» **DIRECTIONS FOR THIS TASK**: Using the records below, output the stretch that opens with the line containing "Przytullale: lniany kombinezon" and closes with the line containing "Crock-Pot® Slow Cooker", exactly and including both lines, with nothing more.

» **ENTRIES PROVIDED**:
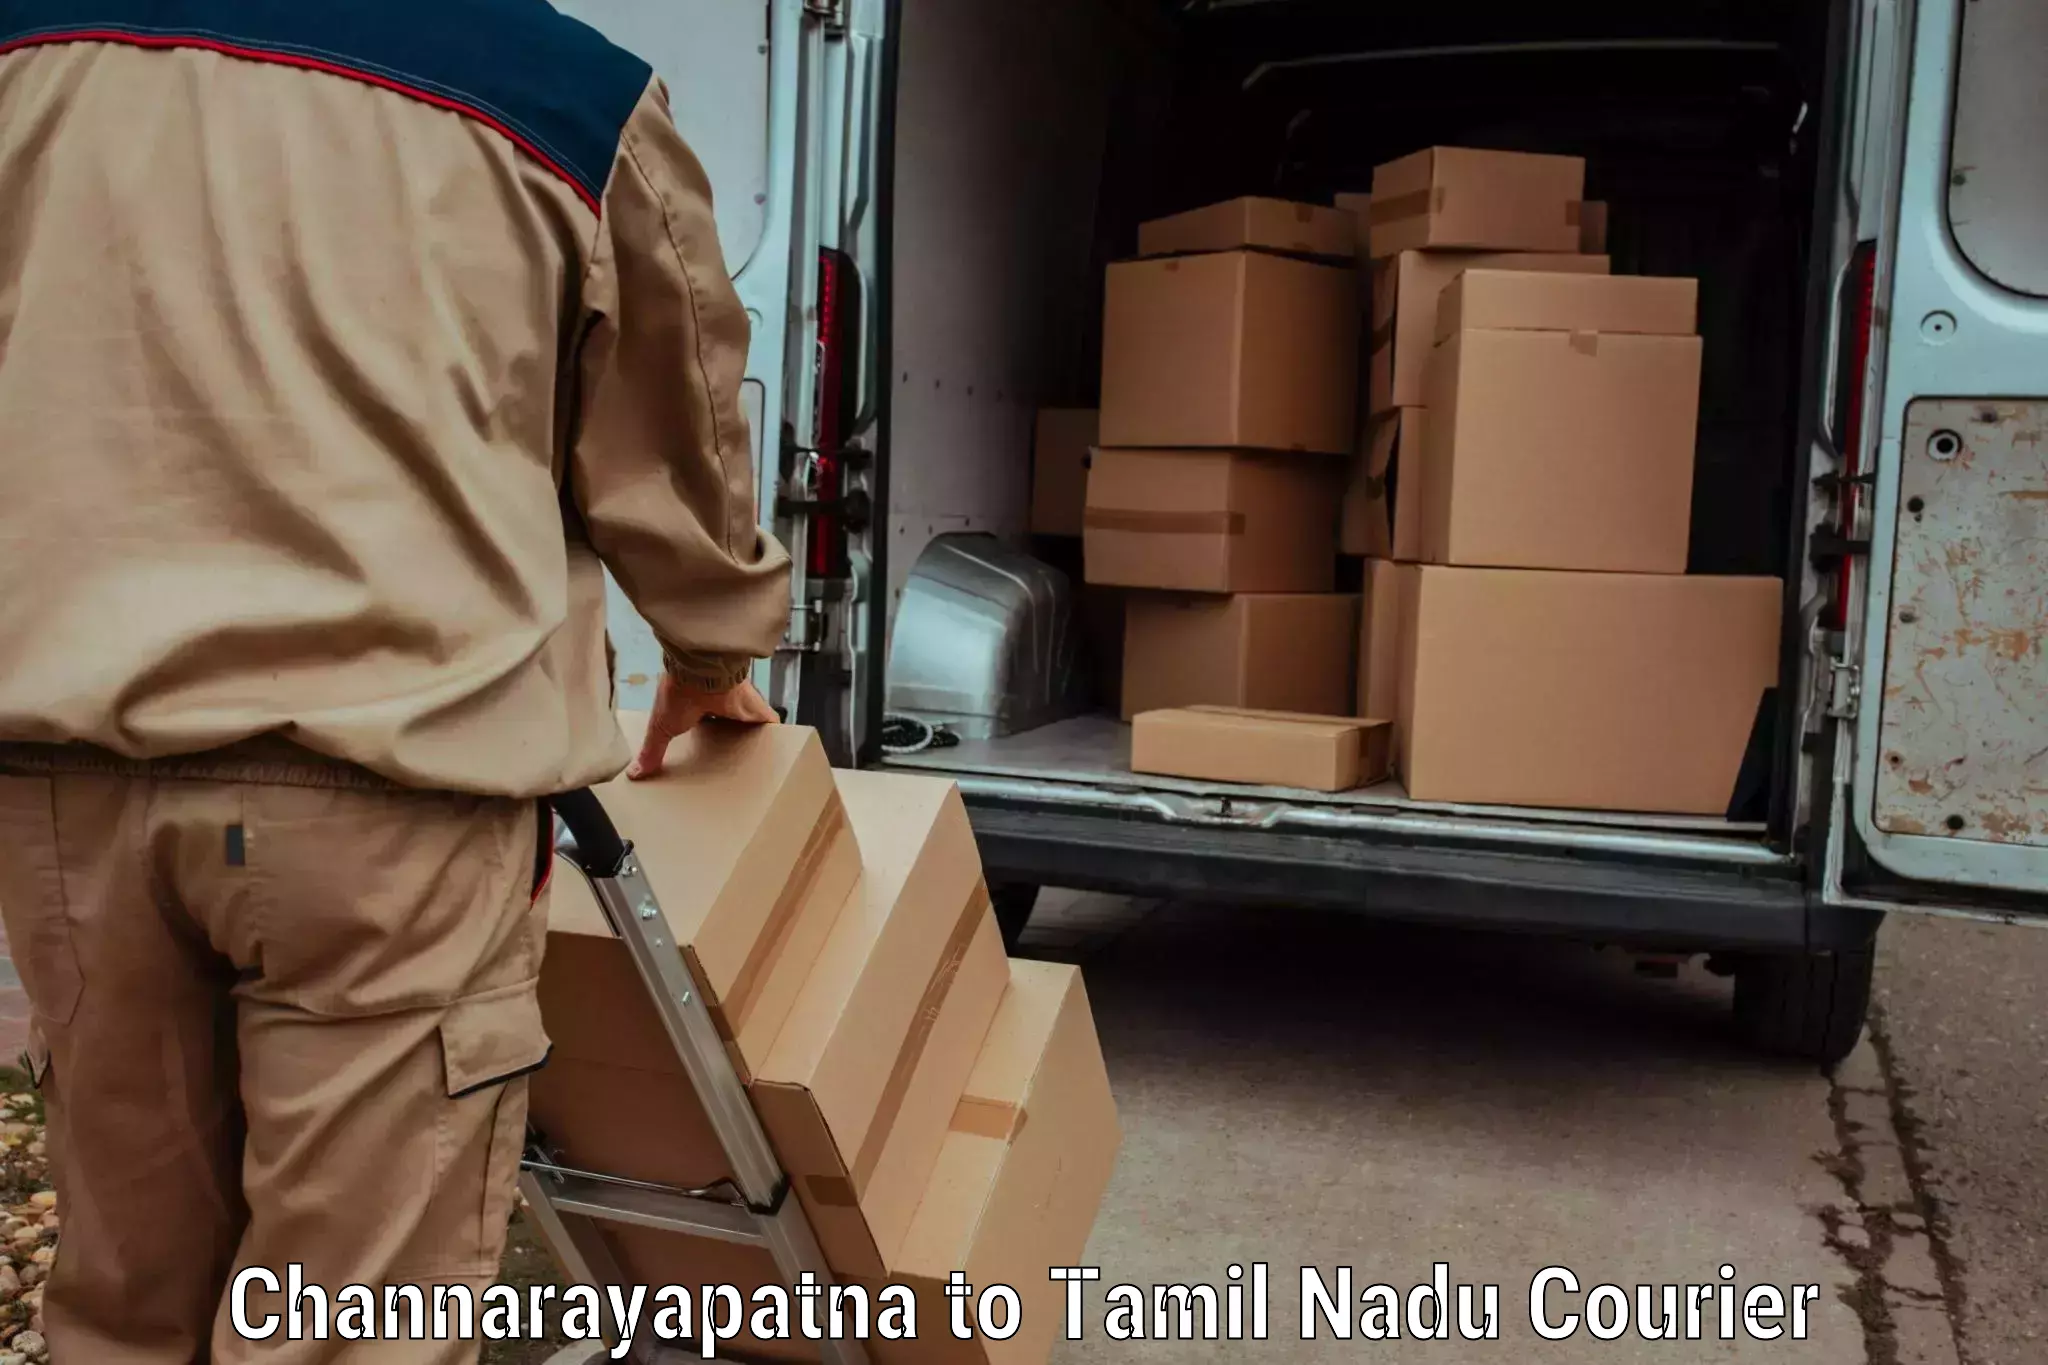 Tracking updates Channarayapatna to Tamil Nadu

* * *

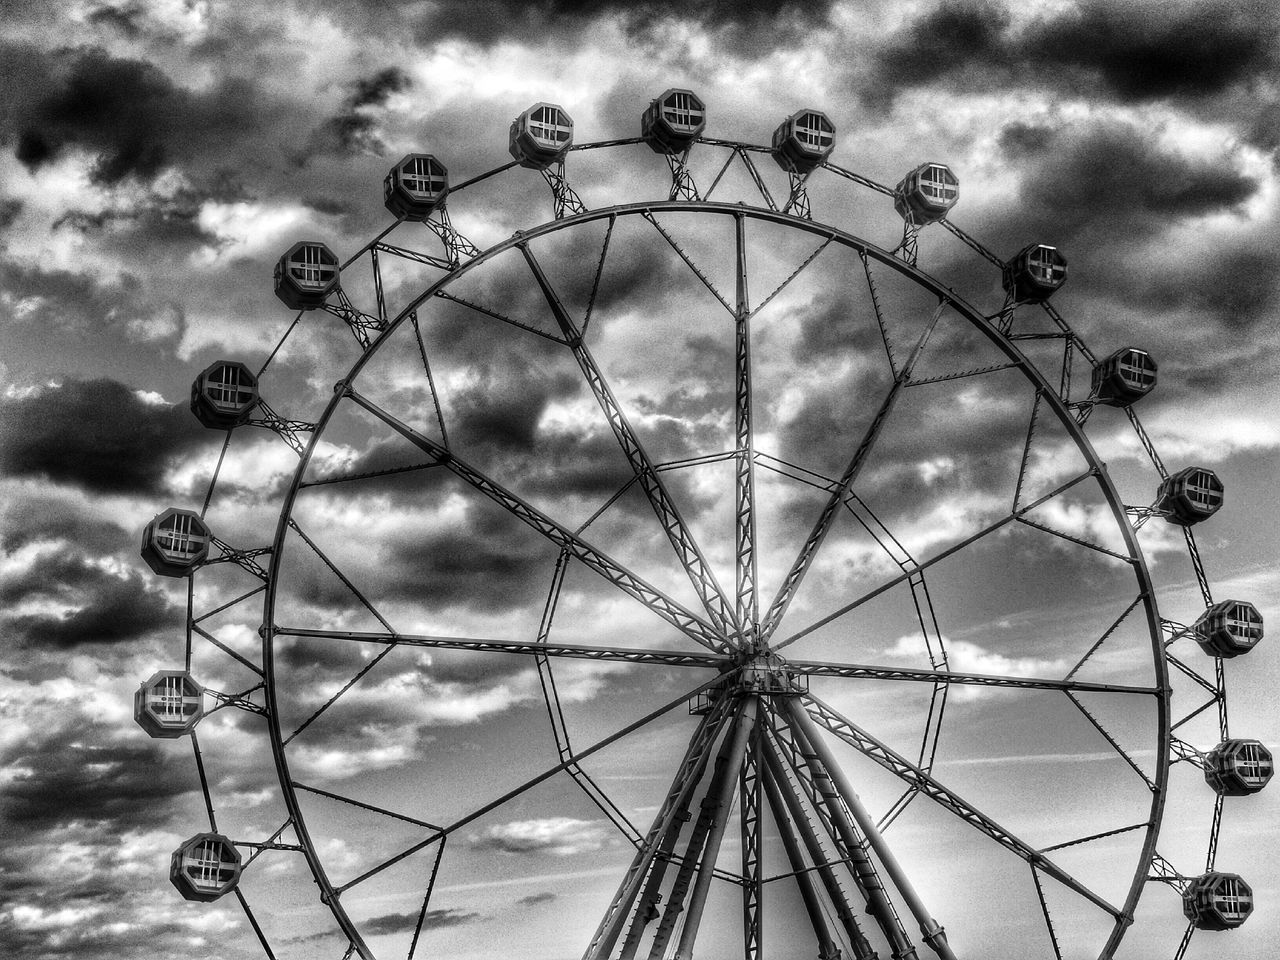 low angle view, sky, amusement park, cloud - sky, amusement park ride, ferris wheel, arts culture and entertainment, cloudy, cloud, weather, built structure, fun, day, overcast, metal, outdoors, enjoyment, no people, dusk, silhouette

...

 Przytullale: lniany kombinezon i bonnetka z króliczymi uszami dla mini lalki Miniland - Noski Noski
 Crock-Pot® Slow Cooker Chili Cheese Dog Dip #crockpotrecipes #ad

» **TASK RESPONSE**:
 Przytullale: lniany kombinezon i bonnetka z króliczymi uszami dla mini lalki Miniland - Noski Noski
 Crock-Pot® Slow Cooker Chili Cheese Dog Dip #crockpotrecipes #ad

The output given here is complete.